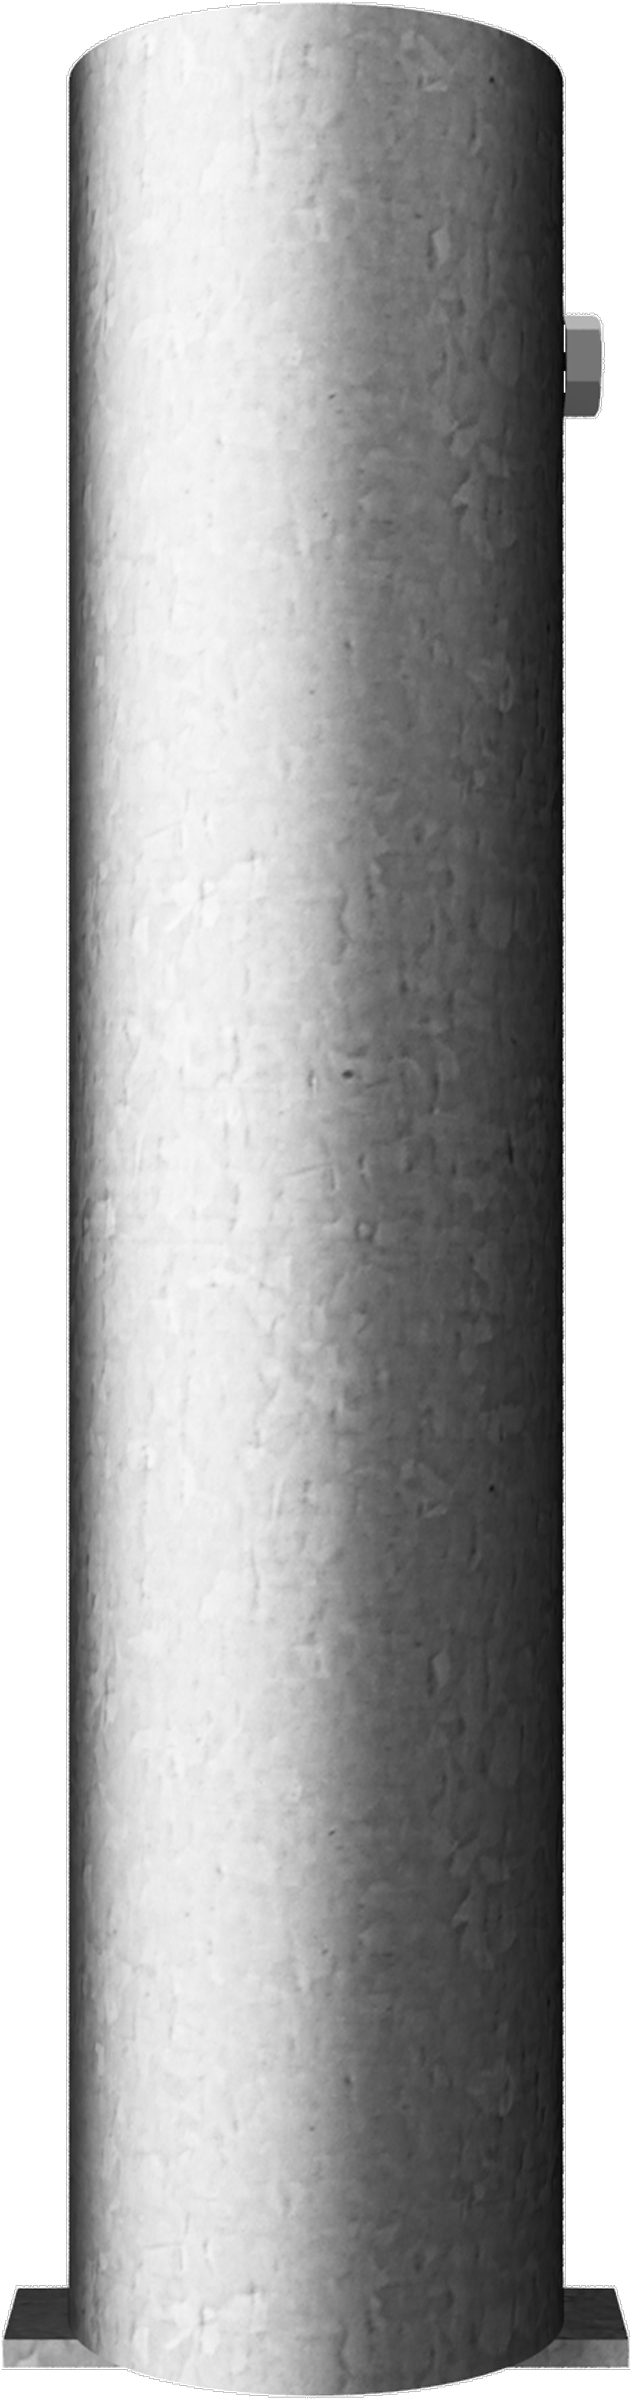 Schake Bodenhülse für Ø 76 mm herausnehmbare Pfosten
...
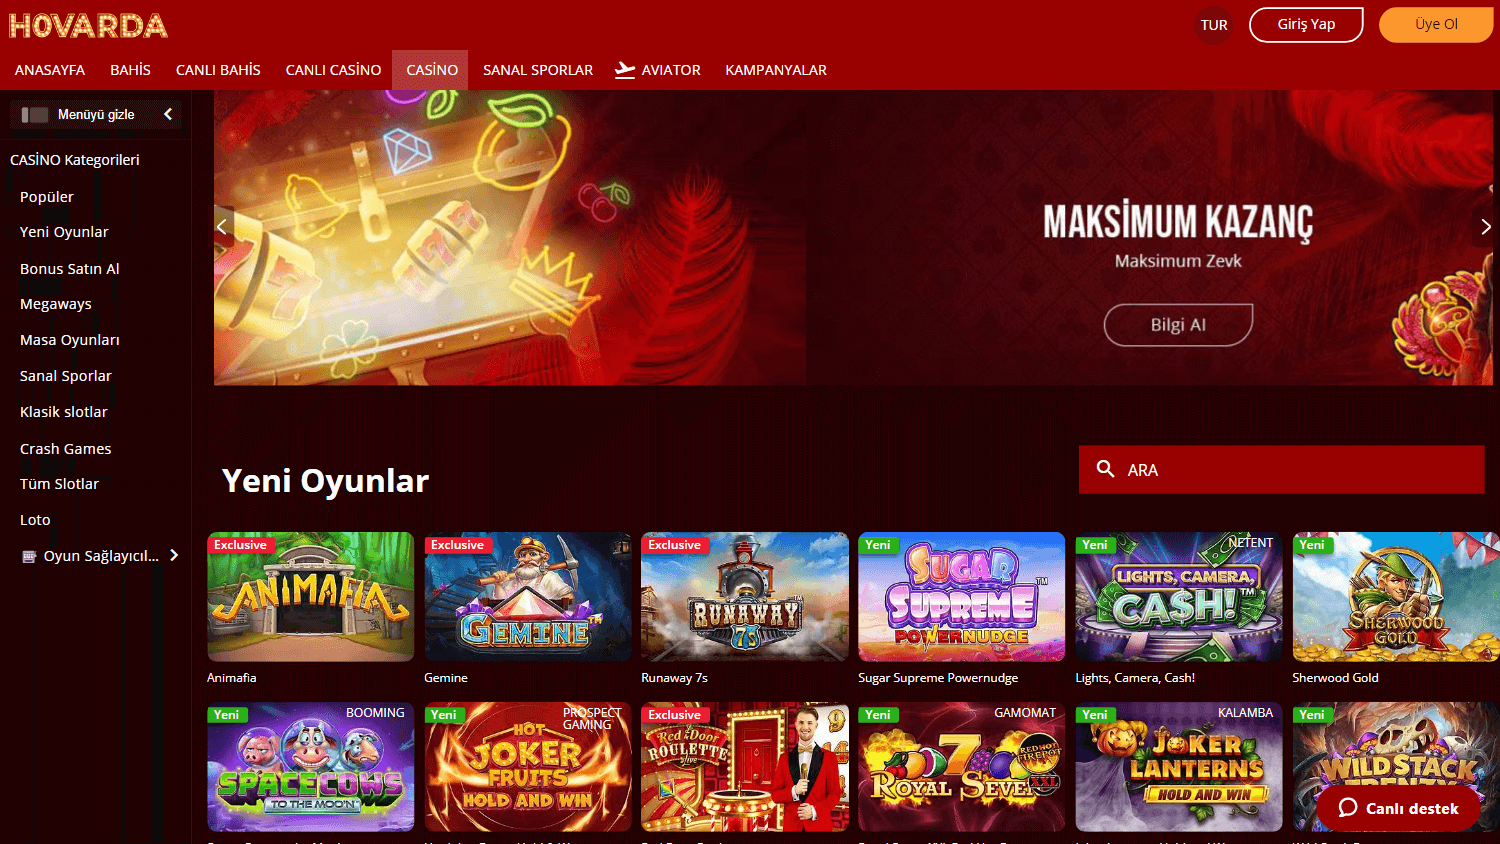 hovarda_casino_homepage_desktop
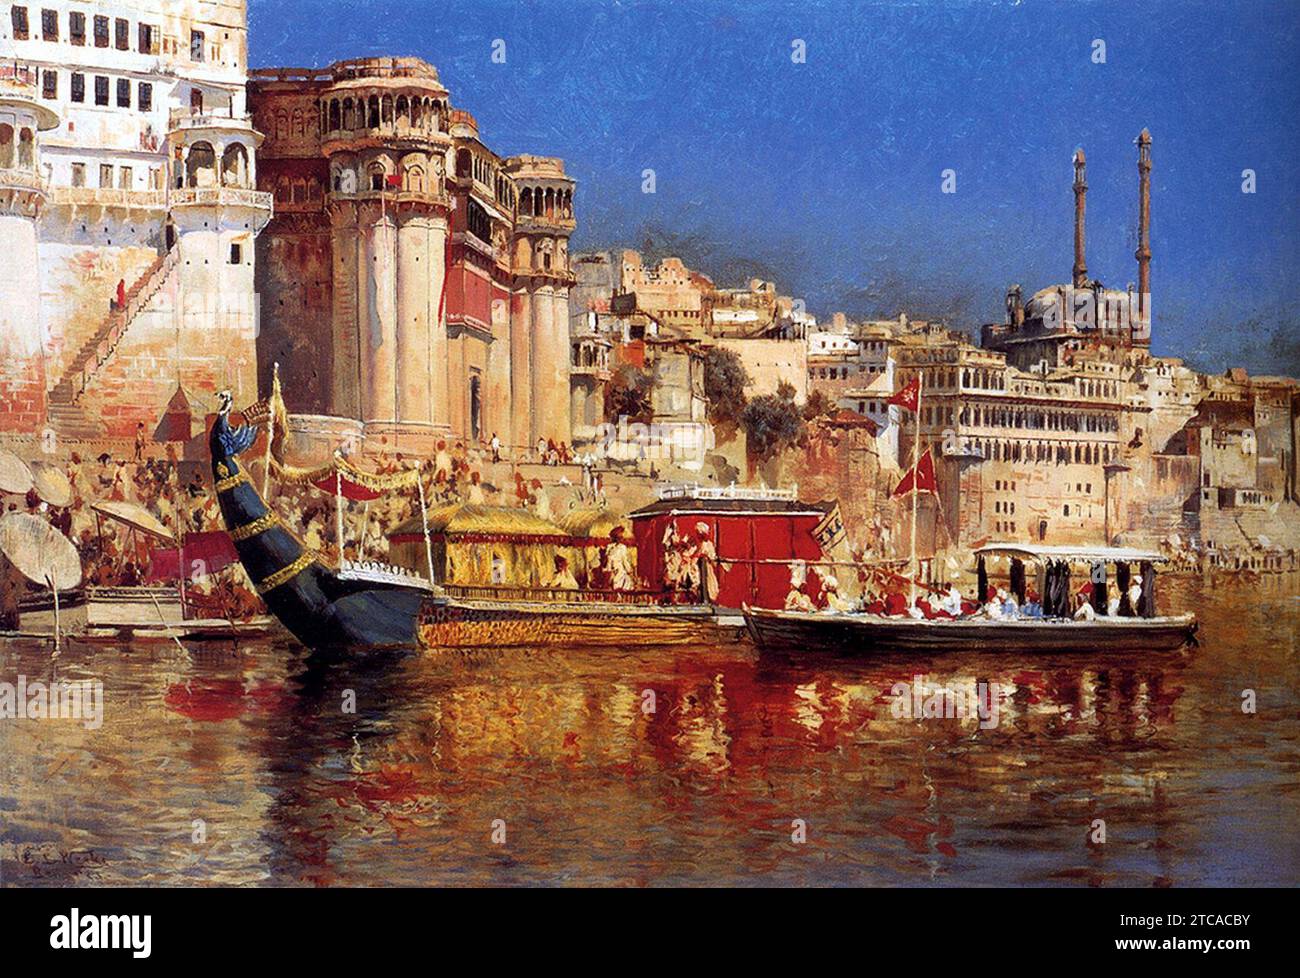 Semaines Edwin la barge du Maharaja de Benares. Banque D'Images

* Work to be completed *
Look above for the line with "hovarda_casino_homepage_desktop" and the line with "Semaines Edwin la"; set down those two lines and all lines between them exactly, without pictures and without anything else.

* Result *
 hovarda_casino_homepage_desktop
 Semaines Edwin la barge du Maharaja de Benares. Banque D'Images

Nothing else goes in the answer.